Анаис кивнула, и ее взгляд, блуждавший в направлении окна, вернулся к доктору. Она улыбнулась.

– Разумеется, вы правы. Я обязательно последую вашему совету. Скажите, – пробормотала пациентка, когда Роберт приставил к ее груди стетоскоп, – вы говорили что-нибудь об этом Гарретту?

– Он – мой брат, – тихо ответил Роберт, прижав ухо к трубке, чтобы услышать ее сердцебиение. – Он не находил себе места от беспокойства. В сложившихся обстоятельствах я чувствовал, что просто не могу не рассказать ему. Вы ведь не сердитесь на меня за это, не так ли?

– Нет, конечно нет.

Анаис отвела взгляд, чтобы Роберт не смог увидеть досады, мелькнувшей в ее глазах. По какой-то непостижимой причине она была вне себя от злости из-за того, что Роберт обсуждал ее состояние с Гарреттом. Но почему? Неужели она так волновалась потому, что Гарретт, возможно, все еще питал какие-то надежды? Разве все эти последние месяцы, проведенные в таком тесном общении с Гарреттом, дают ему право интересоваться ее самыми личными делами?

«Вот стерва!» – отругала себя Анаис. С момента измены Линдсея она видела от Гарретта исключительно доброту и сочувствие. За это время их дружба окрепла, стала более доверительной, и за последние месяцы Анаис привыкла полагаться на Гарретта больше, чем на кого-либо в своей жизни. Какой же бессердечной нужно быть, чтобы так жестоко поступать с ним теперь! Как она могла так относиться к верному другу, когда он стольким пожертвовал ради нее?

«Линдсей…» – ответ пришел на ум Анаис в мгновение ока. Разве переживала бы она сейчас одну из этих ужасных эмоций, терзалась бы одной из этих жестоких мыслей, если бы Линдсей не вернулся домой? Анаис пошевелилась под простыней, чувствуя, каким возбужденным и разгоряченным становится ее тело. Прошлой ночью ей снились такие яркие, такие реалистичные сны о Линдсее! Анаис вспомнила, как видела его, вбегающим в ее охваченную огнем комнату, он протягивал свою руку, умоляя схватиться за него, доверять ему. Она хотела положиться на Линдсея, хотела верить ему так же безрассудно, как прежде… Но стоило Анаис увидеть Гарретта, стоявшего прямо под ее свисающими ногами, ждущего ее, как она сразу поняла, какому мужчине могла доверять без тени сомнения. Затем она представила Линдсея в своей постели, он касался ее своими красивыми руками и изголодавшимся по страсти ртом. Это не Гарретта Анаис представляла занимавшимся с ней любовью – Линдсея. Это всегда был только Линдсей.

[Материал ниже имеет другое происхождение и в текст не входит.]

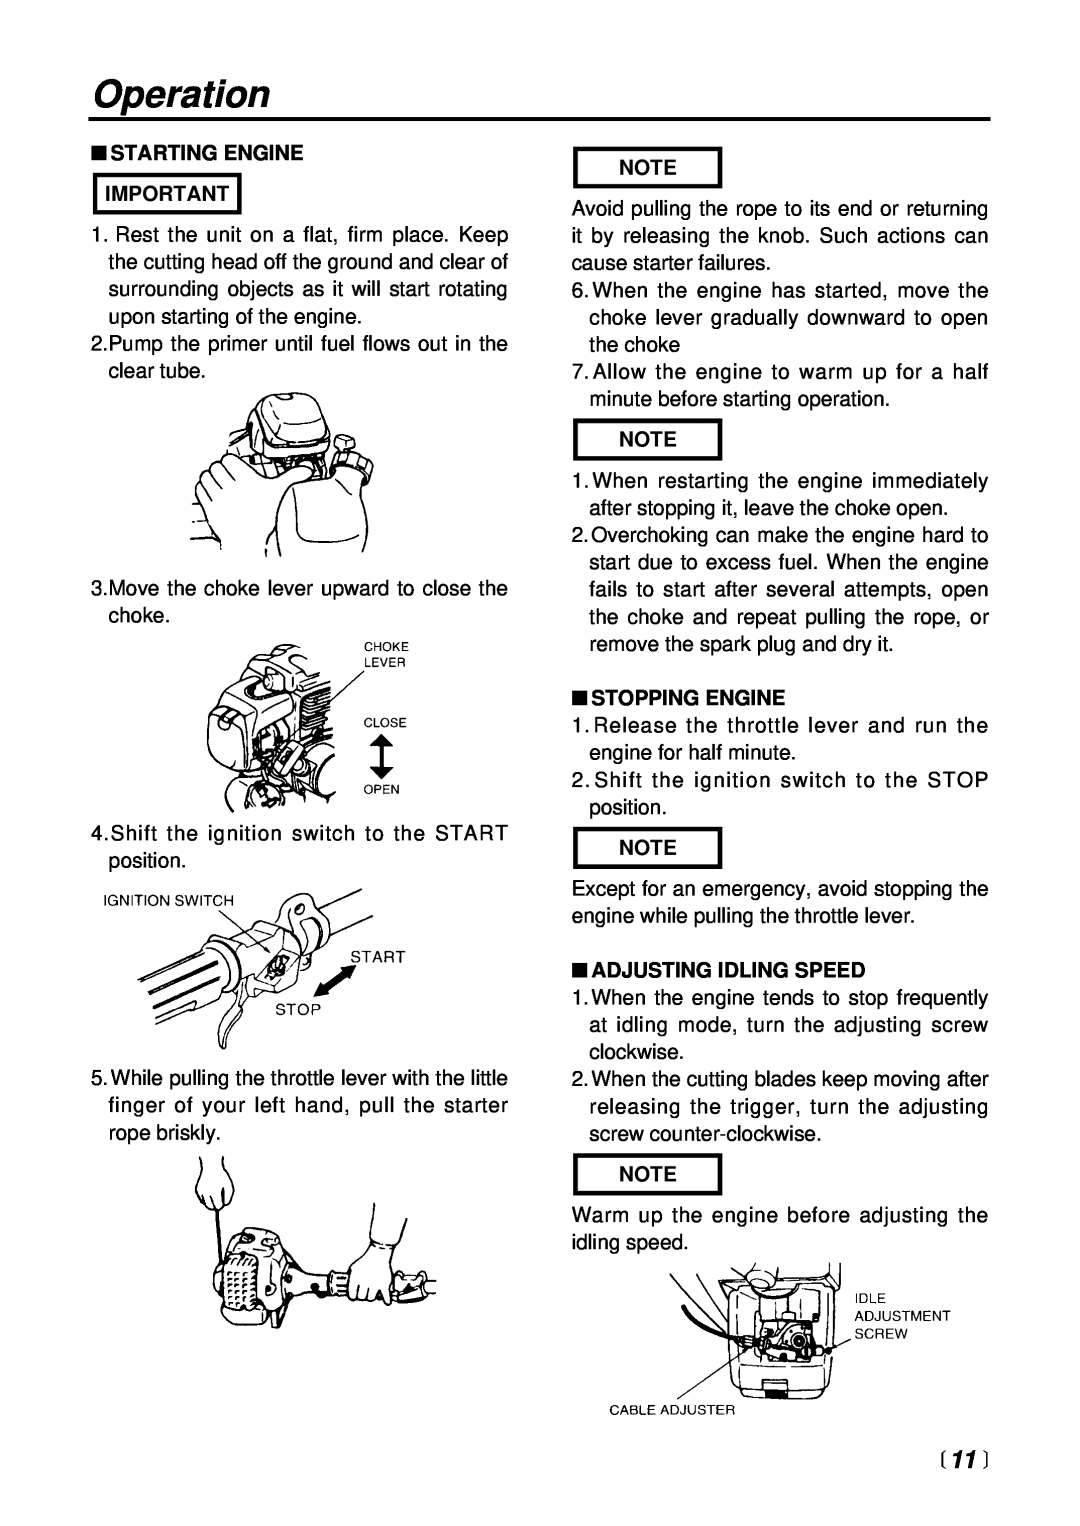 RedMax LRT2300 manual Operation,  11 , Starting Engine Important, Stopping Engine, Adjusting Idling Speed 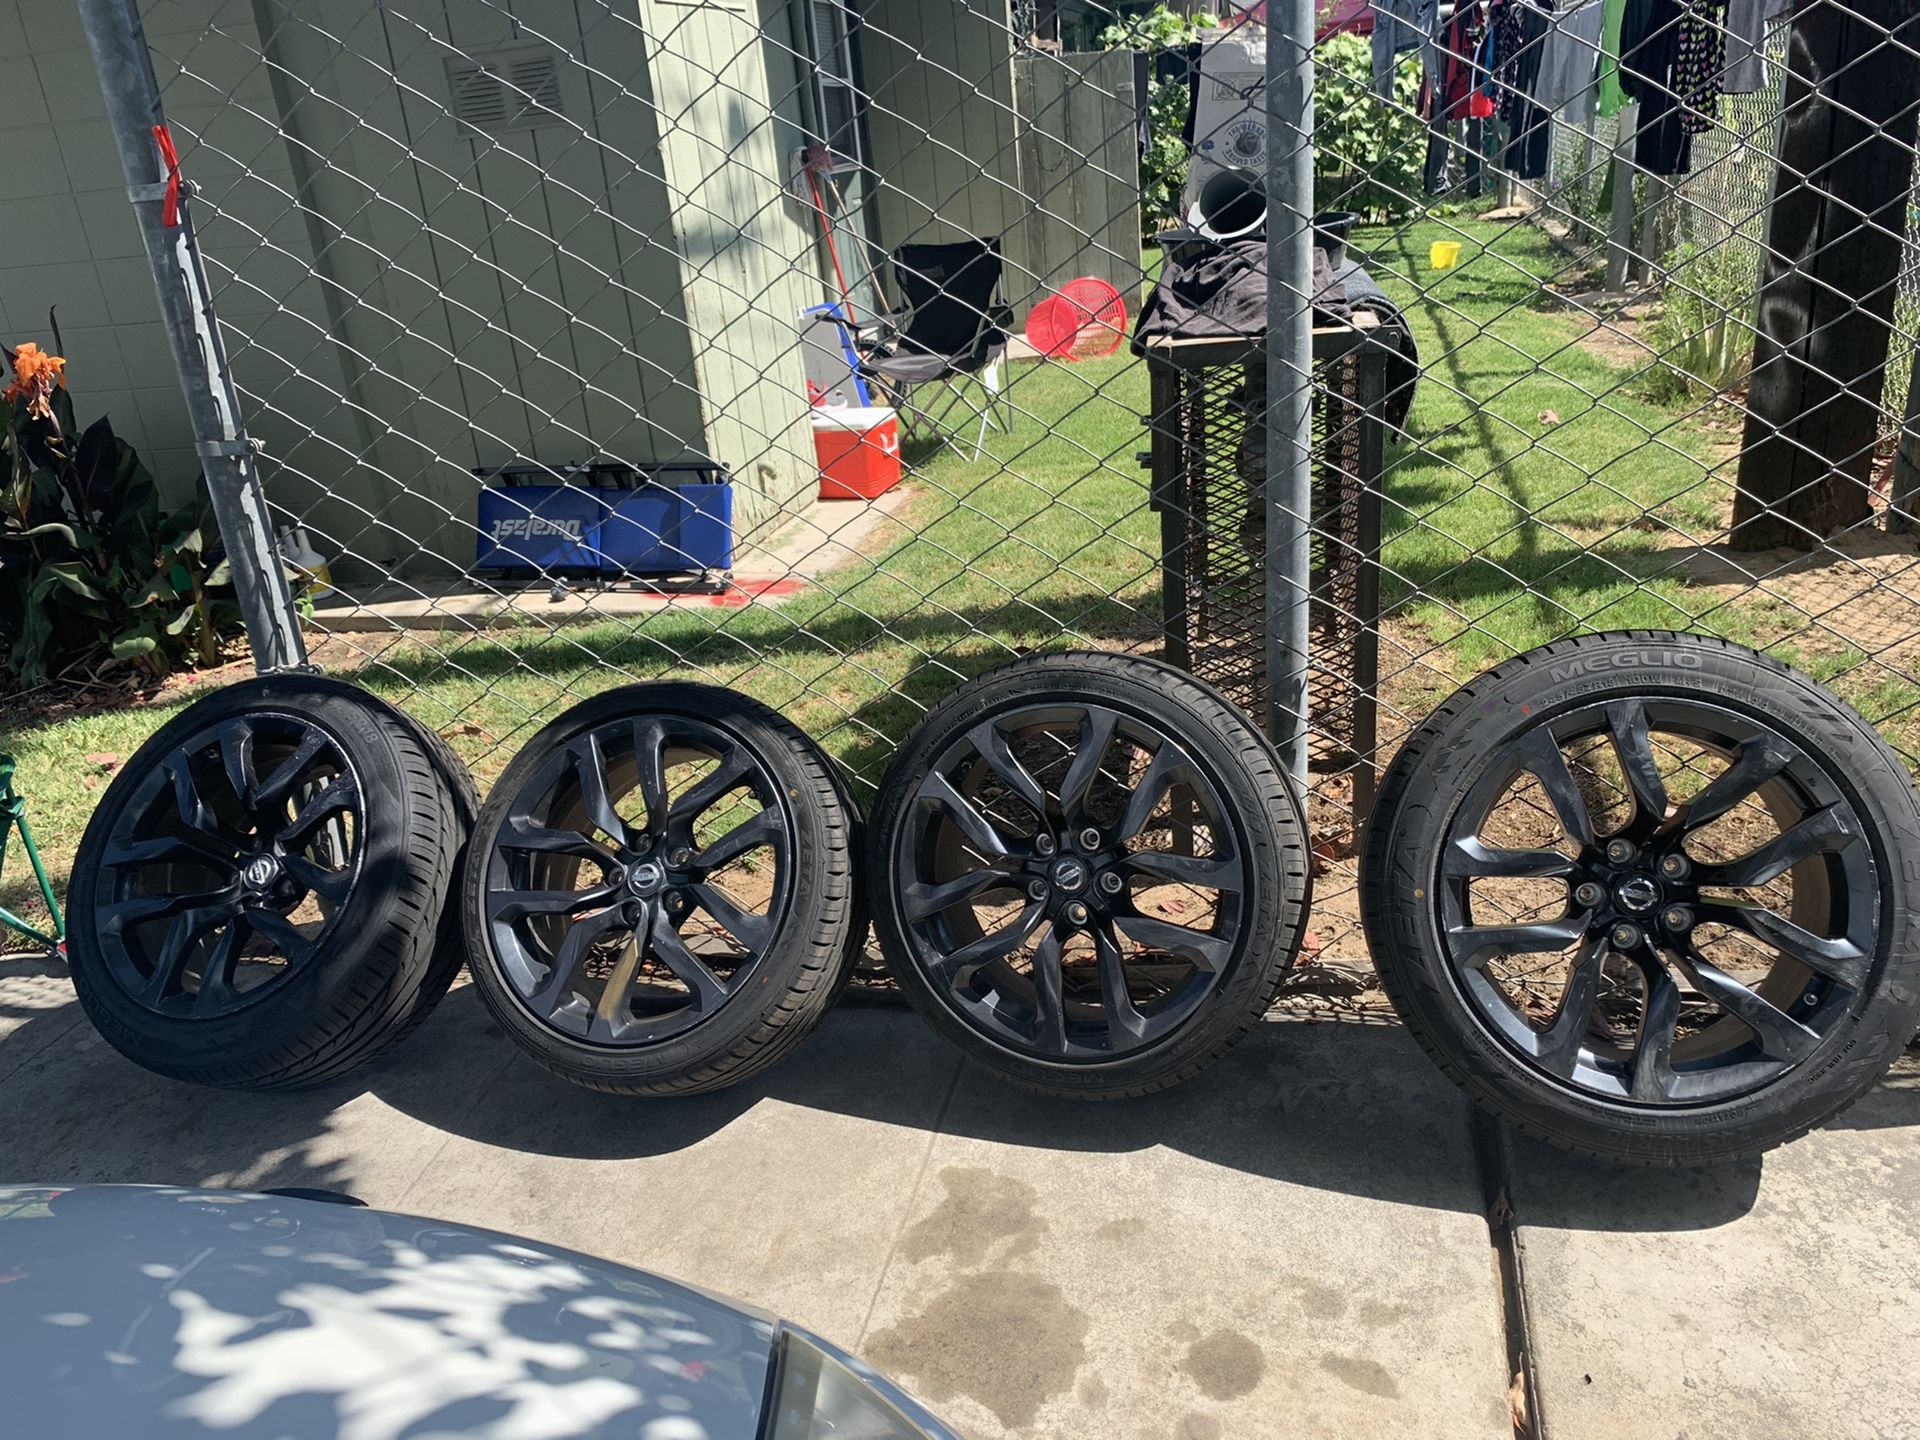 Rims and brand new tires

Пробудившись ото сна, Анаис увидела сидевшую около нее горничную Луизу и обнаружила, что находится не в собственной постели – она лежит в кровати Линдсея. Ее дома больше не было, он был уничтожен огнем. Анаис и ее родные отныне зависели от семьи Линдсея, предоставившей им кров и все самое необходимое.

Линдсей, как сообщила Луиза Анаис, причесывая ее волосы, взял слуг погорельцев под свое крыло, найдя им приют и позаботившись, чтобы их как следует накормили. Он проявил даже большую щедрость, приказав, чтобы множество карет развезли слуг по их семьям на время праздников. Остальные, те, кто предпочел остаться с хозяевами, и те, у кого не было близких, обрели прибежище в свободных комнатах на этаже прислуги.

– Он – очень хороший человек, – сказала Луиза, сияя улыбкой. – Он предложил мне экипаж и несколько шиллингов, но я не смогла принять это, госпожа. Мое место – здесь, с вами. Мне только жаль, что вы не позволили мне сопровождать вас во Францию. Я наверняка смогла бы предотвратить вашу болезнь.

Хозяйка позволила Луизе болтать в свое удовольствие. Приятный йоркширский диалект горничной привлек внимание Анаис, вытесняя мысли о Линдсее и очень серьезной дилемме, которую теперь предстояло решить.

– Гарретт ждет за дверью, Анаис, – сообщил Роберт, собирая свои инструменты и складывая их в чемодан. – Я разрешу ему войти – всего на минутку? Он не спал всю ночь, беспокоясь о вас.

Анаис тут же выбросила из головы разговор с горничной.

– Да, пожалуйста.

Без лишних обсуждений Роберт направился к двери, и через мгновение в комнату ворвался Гарретт, выглядевший утомленным и взволнованным.

– Как ты себя чувствуешь? – спросил верный друг, бросаясь к кровати и усаживаясь рядом с Анаис. Он взял ее руки в свои ладони и крепко стиснул. – Боже мой, стоит мне закрыть глаза, как тут же возникает ужасная картина, как ты падаешь из того окна!

Анаис с нежностью погладила Гарретта по лицу, пробежав кончиком пальца по шраму над его верхней губой.

– Я в полном порядке, Гарретт. Слышала, что за это я должна благодарить тебя.

Он вспыхнул и, еще сильнее сжав руки Анаис, принялся целовать кончики ее пальцев.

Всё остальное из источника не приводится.